Some days, Bipolar Wins, and that just kind of how it is, and that’s okay.

Right now, my goals feel a billion miles away. I’m not making it to ballet class on the schedule I “should” be. I’m only writing intermittently (but, on the other hand, wow, have I made some progress in the past month). I’m only sort of on top of the housework, which I guess is progress, actually?

A lot of the time, I wake up and think, “What’s the point?”

A lot of the time, I don’t want to go out into the world because my social persona is so, so very far from who I am right now.

A lot of the time, I’m frustrated by my own lack of forward momentum — or, well, of continuous forward momentum. Like, when I have moment, OMG, do I have momentum … but then when it goes away, it’s gone. For a while.

And then I have these moments of clarity and insight, these moments in which I understand that this is who I am, when I remember that trying to fight my own nature isn’t going to really solve the problem.

I can beat myself about the head with a stick all I want, but it isn’t really going to accomplish anything.

So often, resources written by people without Bipolar treat these moments of clarity as if they should, like, magically solve the problem — and I think that’s because, for a lot of non-Bipolar folks, they do.

Like, often, if you can identify and begin to understand a problem you’re experiencing, you can begin to solve it — but Bipolar Affective Disorder kind of doesn’t work that way.

This is where all that psychobabble about acceptance comes in handy (if not easily, because our minds like to resist things like that, and I think BPD affects cognition in ways that only increase that resistance).

I think that, in the past, I’ve seen acceptance as a synonym for “giving in” — that I’ve seen it as the equivalent of telling someone who’s just had an amputation at the knee, “You can forget about running marathons.”

Yeah, well — it turns out that amputees can run marathons if they darned well please, thank you very much.

I am trying to learn to accept that BPD makes me inconsistent; makes me constitutionally unable to really be consistent in the way that I might have been if I didn’t have BPD, or maybe if medication was a more workable option for me — while also remembering that the inconsistency inherent in my existence doesn’t mean I’ll never do the things I’ve set out to do.

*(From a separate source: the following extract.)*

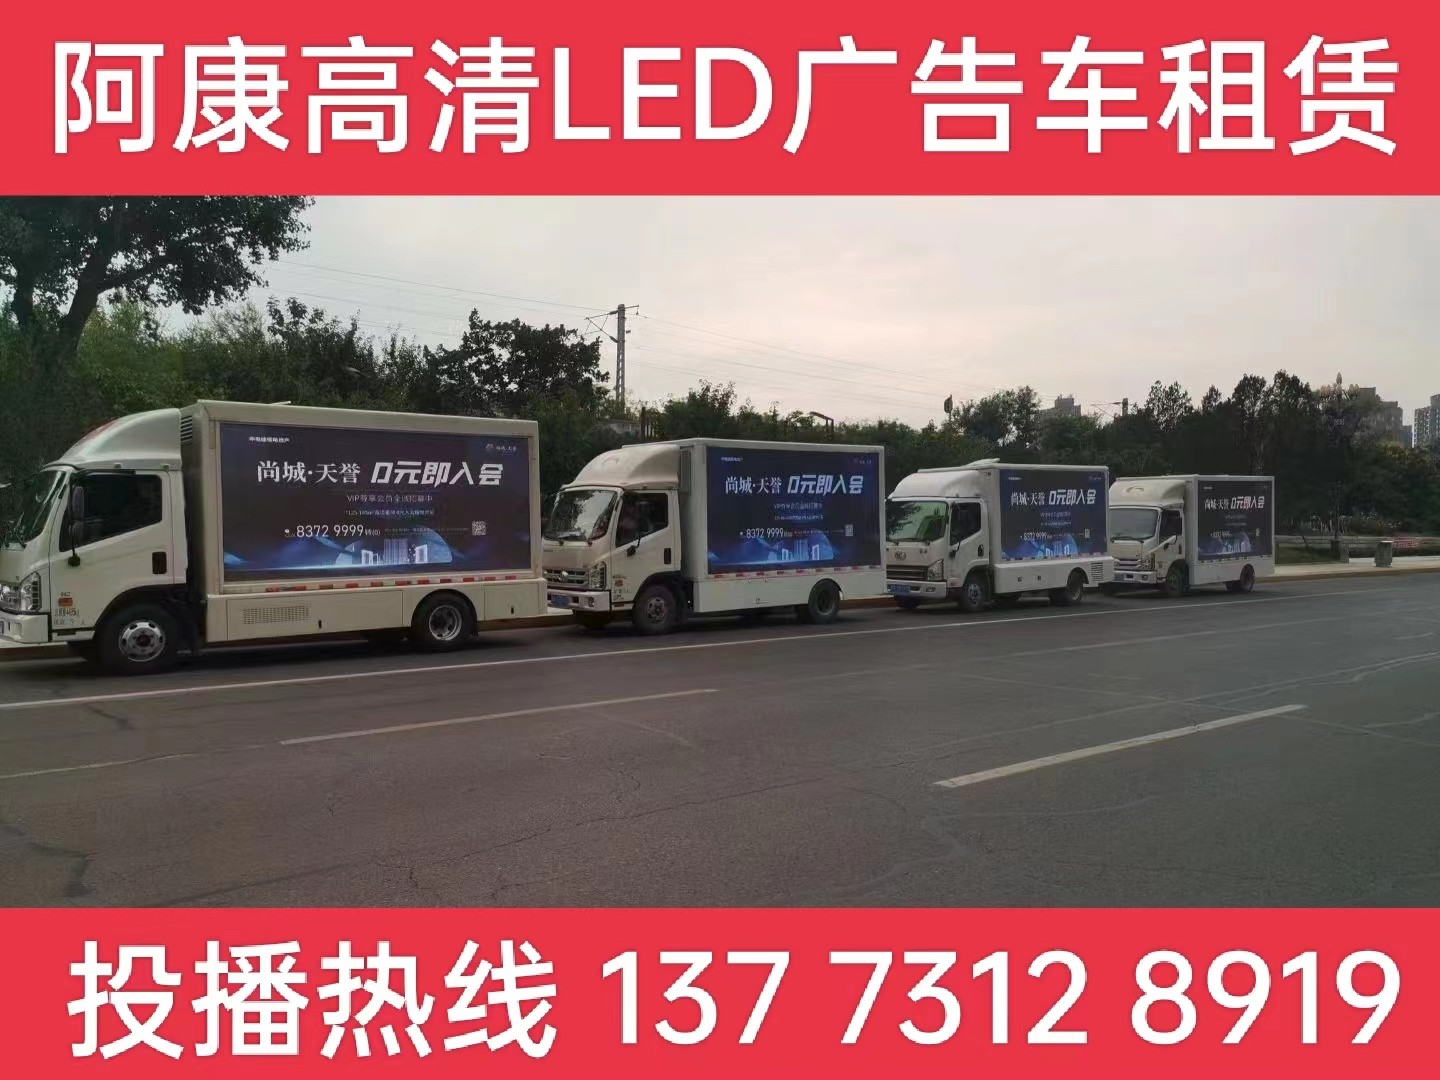 江宁区LED广告车出租-某房产公司效果展示
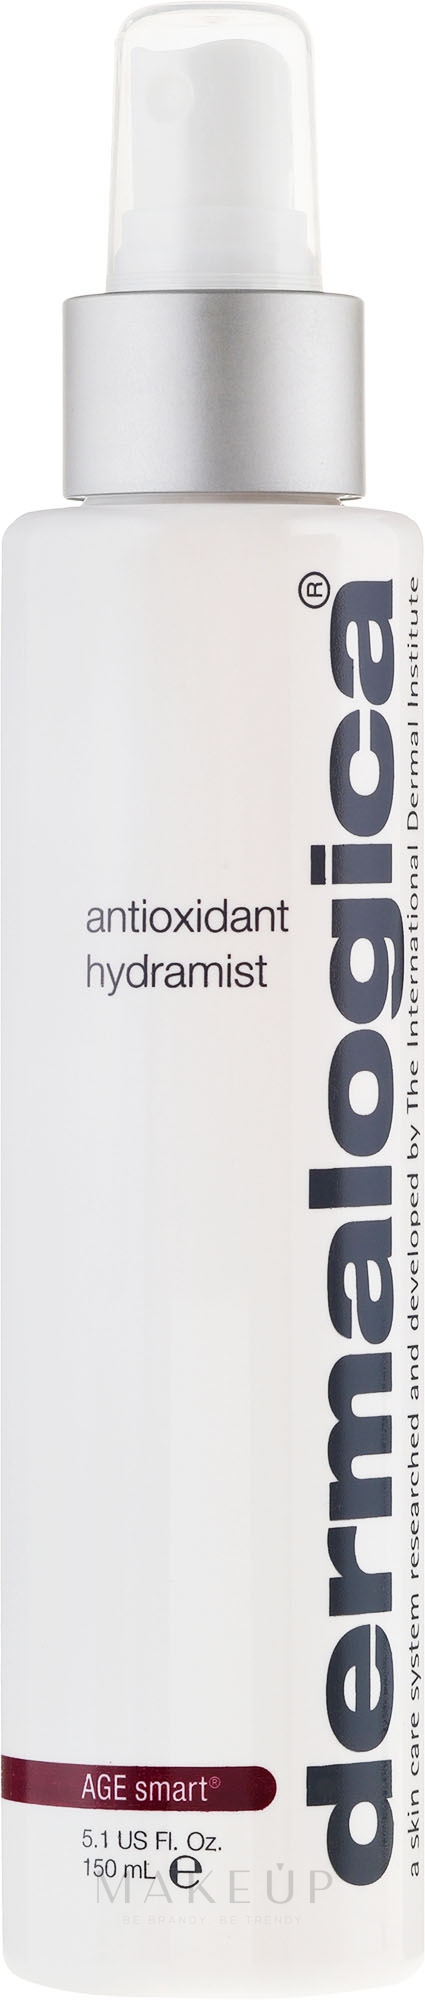 Erfrischender und antioxidativer Toner - Dermalogica Age Smart Antioxidant Hydramist — Foto 30 ml

What it does mean is that I’m good at getting back up when I fall down (you guys, I have had a ton of practice at getting back up when I fall down).

What it does mean is that it takes me longer to reach my goals, maybe, than it would take someone else. My Original Life Plan was School => High School => College/University => Write some books and who knows what else?**

**I was never one of those kids with any kind of concrete career goal. I was never even the kid who’s like, “I wanna be a fireman!” I was the kid who, in pre-school, would tell grown-ups that I wanted to be a horse or a unicorn or a cheetah or a t-rex when I grew up, and then point out that they didn’t ask me what I could be.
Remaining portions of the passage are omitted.